In Tuscarora Wayne Ins. Co. v. Hebron, Inc., the Pennsylvania Superior Court reviewed a declaratory judgment action brought by a commercial general liability insurer regarding an incident at the insured’s vehicle dismantling facility. While one of the policyholder’s employees was fueling a flatbed truck, a fire started that caused damage to the facility, as well as neighboring vehicles and businesses. The subject policy contained an endorsement providing that the insurance did not apply to “property damage arising out of” the policyholder’s operations, which were identified as “vehicle dismantling.” The term “vehicle dismantling” was not defined in the policy.

The liability insurer filed a declaratory judgment action contending that it had no duty to provide defense and indemnification regarding the incident. Following discovery, the insurer and policyholder filed motions for summary judgment. The trial court granted the insurer’s motion and denied the policyholder’s motion, on the basis that the fueling was “incidental to the vehicle dismantling business.”

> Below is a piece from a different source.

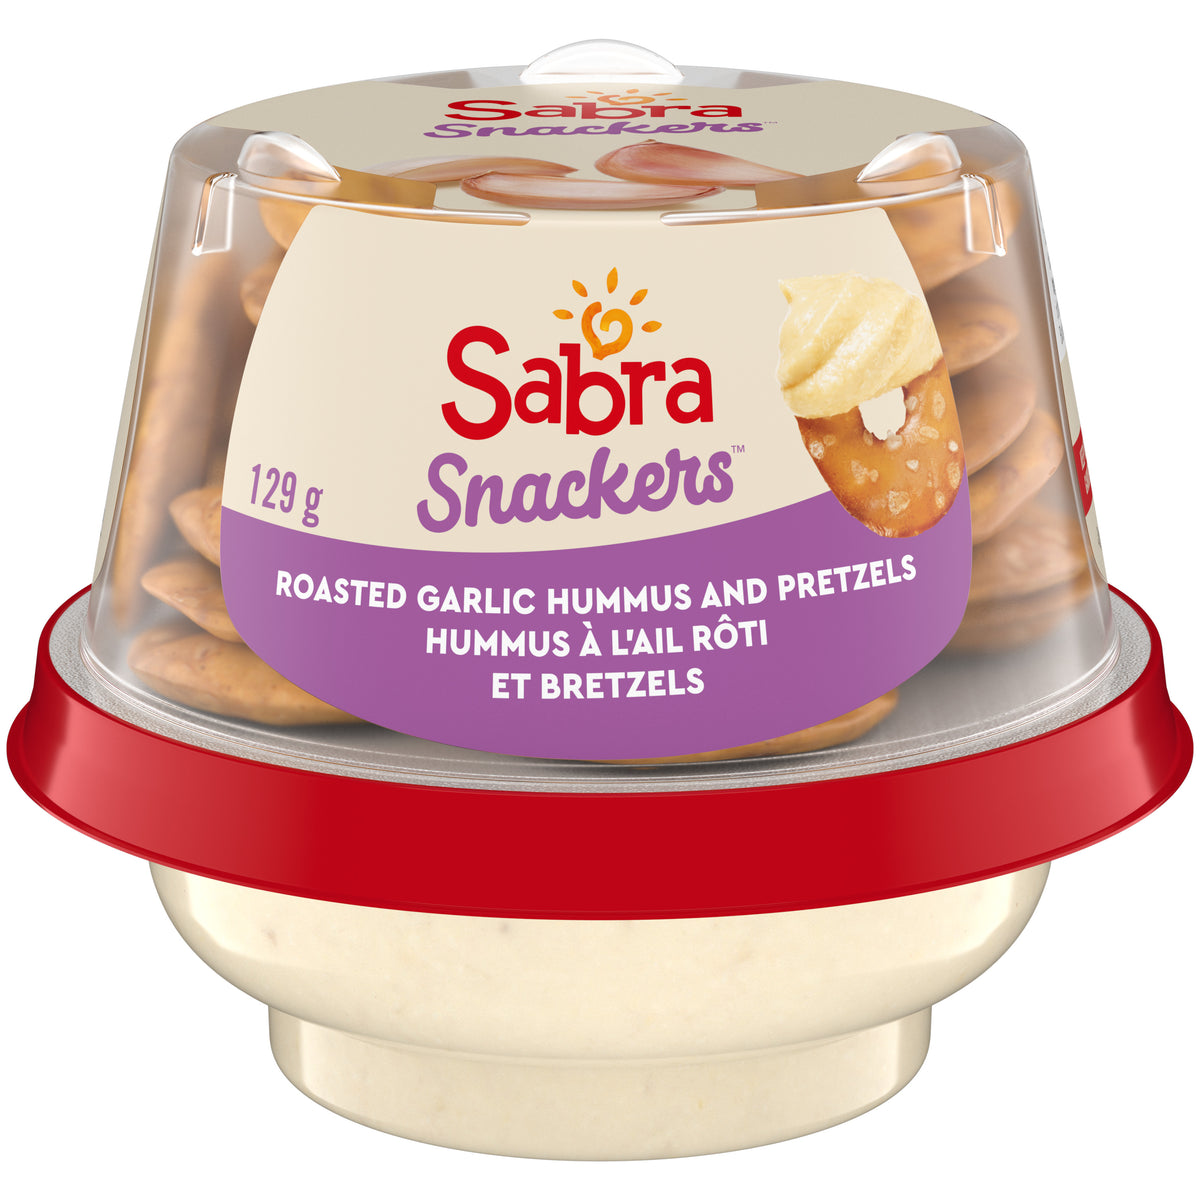 Sabra Snackers Roasted Garlic Hummus with Pretzels - 129g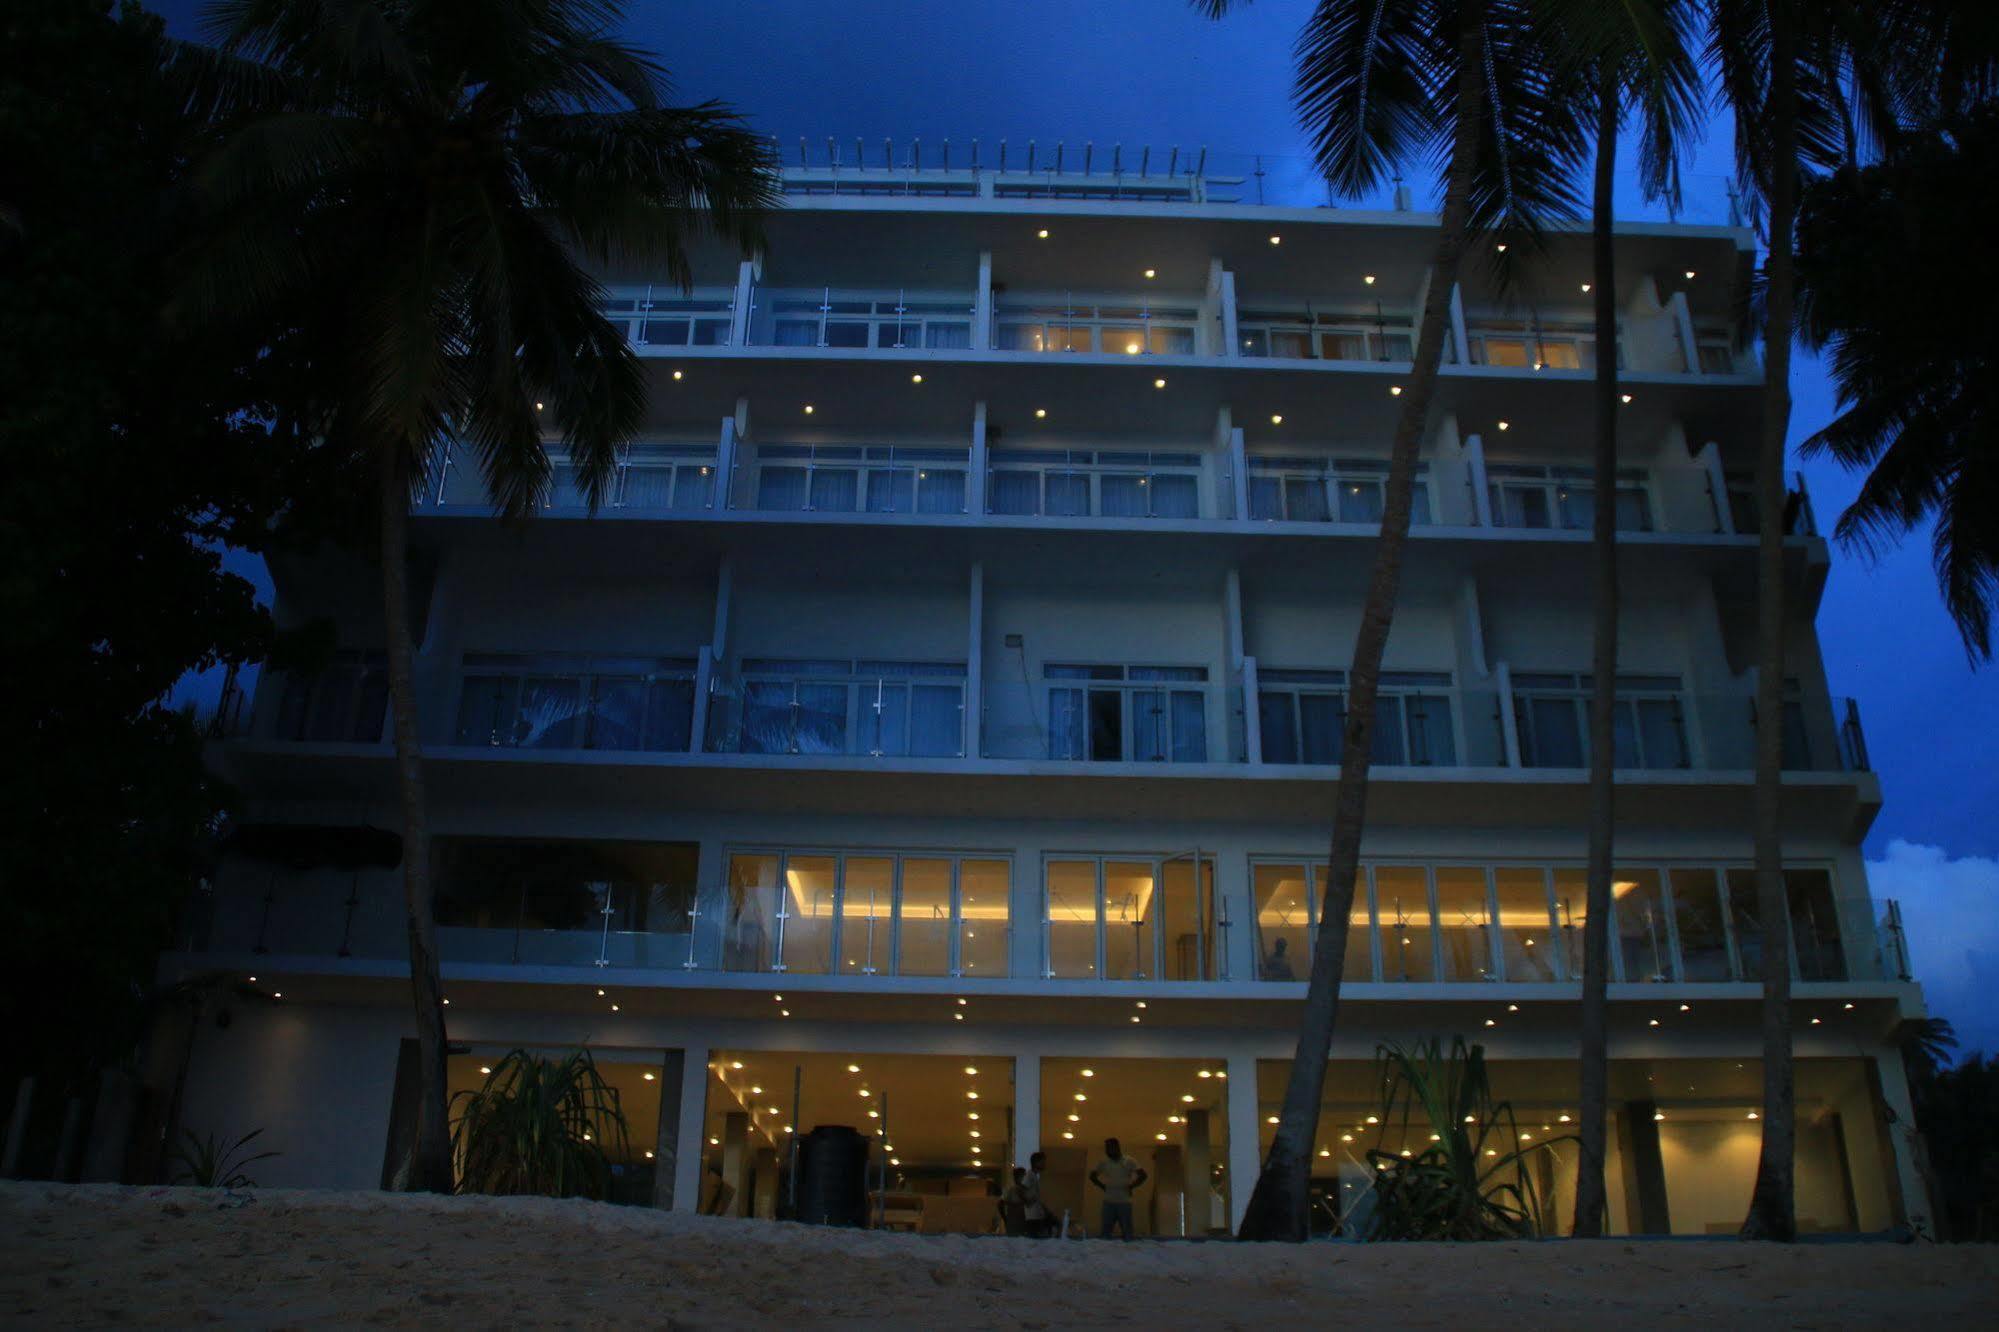 Sayura Beach Hotel Unawatuna Buitenkant foto

On appeal, the policyholder contended that “vehicle dismantling” was limited to the process of stripping vehicles of its parts, and that the fueling of the truck was unrelated to this process. The Superior Court agreed. The Court noted that the fire occurred after the vehicle dismantling operations ceased for the day. The Court also observed that the only connection between the fueling and the vehicle dismantling process arose from the fact that the fuel was taken from vehicles that were dismantled. However, the fuel was not immediately transferred from the vehicles to the trucks, but kept in a holding tank until needed.

Based upon these facts and the principle that policy exclusions should be construed in the insured’s favor, the Superior Court held that the “vehicle dismantling” exclusion did not apply, and that the liability insurer was therefore required to provide coverage. Accordingly, the Court reversed the trial court’s order granting the insurer’s motion for summary judgment and denying the policyholder’s motion for summary judgment.